Pero la lengua, lo tengo por cierto, se nutre, alimenta, vive y engorda de un manjar que no es el habla. La lengua vive, como el imperio, del imperio de la norma. De trazar en el suelo una raya, una frontera. No hay círculo vicioso que valga. La lengua no se alimenta del habla sino que la coge, y como si fuese lo que no es, como si fuese una hogaza de pan o un tablero de ajedrez, la raya, la parte, ya lo hemos dicho, la mete dentro de la jaula. Como si fuese un pájaro.

Hay pájaros que mueren al punto de ser encerrados en la jaula. Pero el habla no. Aún dentro canta. El diccionario, ahora lo sé, como si fuese una jaula, acoge dentro de sí, para que cante, al habla.

En el mío, el diccionario de una sola palabra, en cada uno de mis diccionarios de una sola palabra no habrá lugar a círculo vicioso alguno. Pero en el texto asociado a esa palabra... No es tan largo pero debería serlo más, más aún que una enciclopedia, la de Francia ilustrada, la más famosa, la torre de Babel más vanidosa, la de Diderot y demás enciclopedistas, la Británica o la Espasa o todas las wikipedias y espacios web de la lengua castellana. Y en ese texto, ¡Dios mío!, habría de todo como en el arca de Noé. Porque ahí, excepto esa única palabra que habría de ser la gran ausente del mismo por estar fuera, ella sola, puesta en la entrada, en ese texto asociado a ella, justo ahí, en esa selva, santo cielo, no quiero, no puedo ni pensarlo... Es imposible. Ahí estarían todos los diccionarios con todos sus círculos viciosos y todas las enciclopedias de la lengua, todo menos esa mágica palabra.

RESUMEN

Sospecho haber dicho todo lo que sé acerca de tan espinoso asunto como es el círculo vicioso de los diccionarios, pero sin haber rozado siquiera la pregunta inicial. Porque ni es la diferencia entre habla y lengua lo que lo explica todo, ni al revés, nada explica esa diferencia en verdad inexplicable.

Parece haber un tipo de fronteras sobre las que, o gracias a ellas, suceden cosas extraordinarias

UN DIÁLOGO

No sé de ningún gorrión que se pose tan solo en mi ventana. Tampoco de ninguna voz, palabra o dicho de mi uso, de mi exclusiva expresión. Siendo mía esa voz, y por esa razón, no es tan sólo mía sino también de otros.

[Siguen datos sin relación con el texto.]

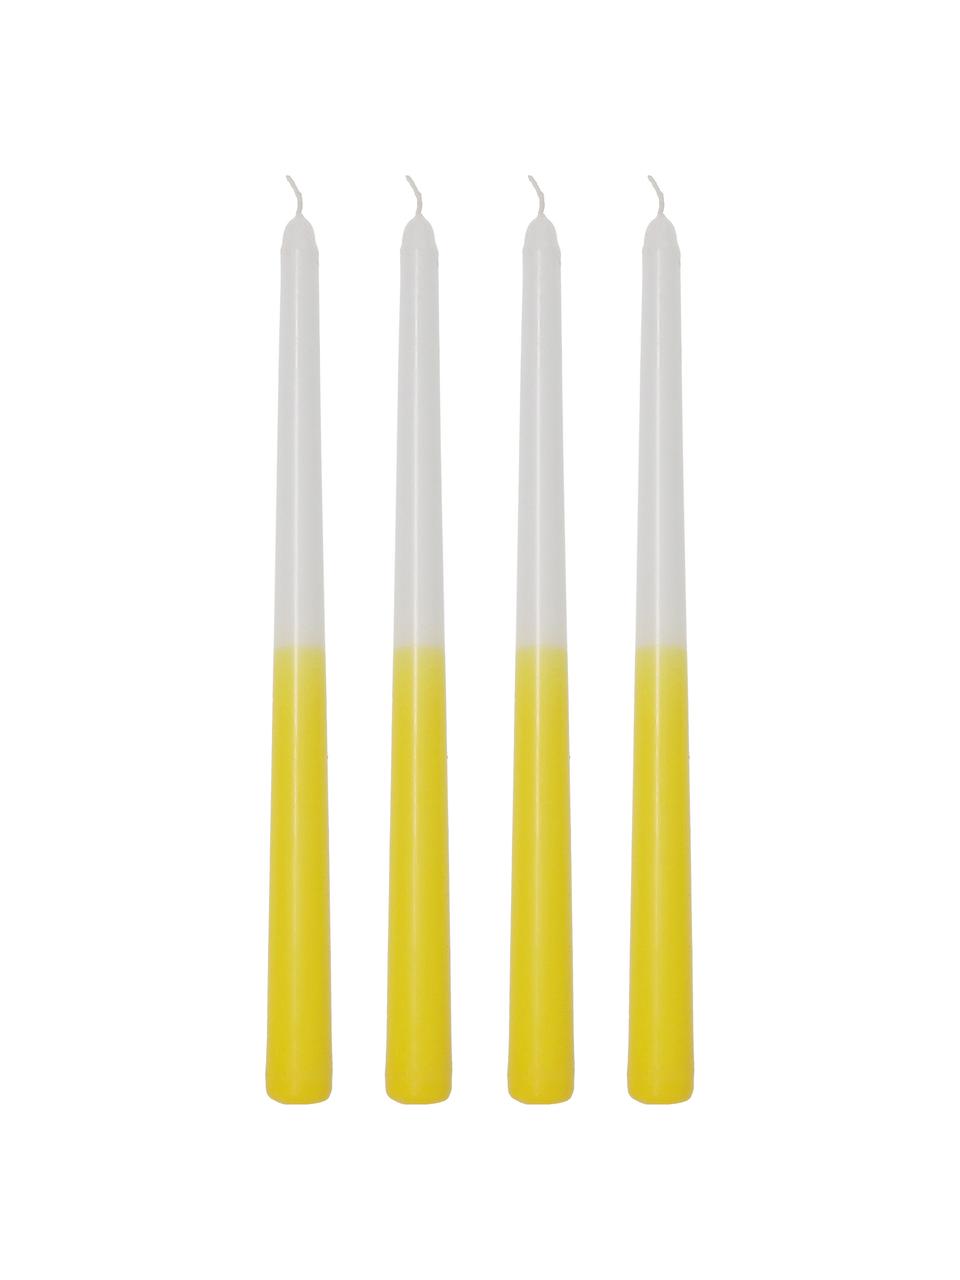 Świeca stołowa Dubli, 4 szt., Wosk, Żółty, biały, Ø 2 x W 31 cm

No suelo hablar conmigo mismo. Tengo poco que decirme y cuando necesito hacerlo utilizo algo que no es la lengua. Quizá sea el habla, pero no lo sé. Con el pensamiento me basta.

- "Voces y palabras que pienso mías, digo mías siendo también de otros".

- "De otros pero no de todos".

- "Así es, mías y de los míos tan solo".

- "¿Y quiénes son los tuyos, y quiénes los otros?"

- "Buena pregunta. Me la vengo haciendo desde hace tiempo."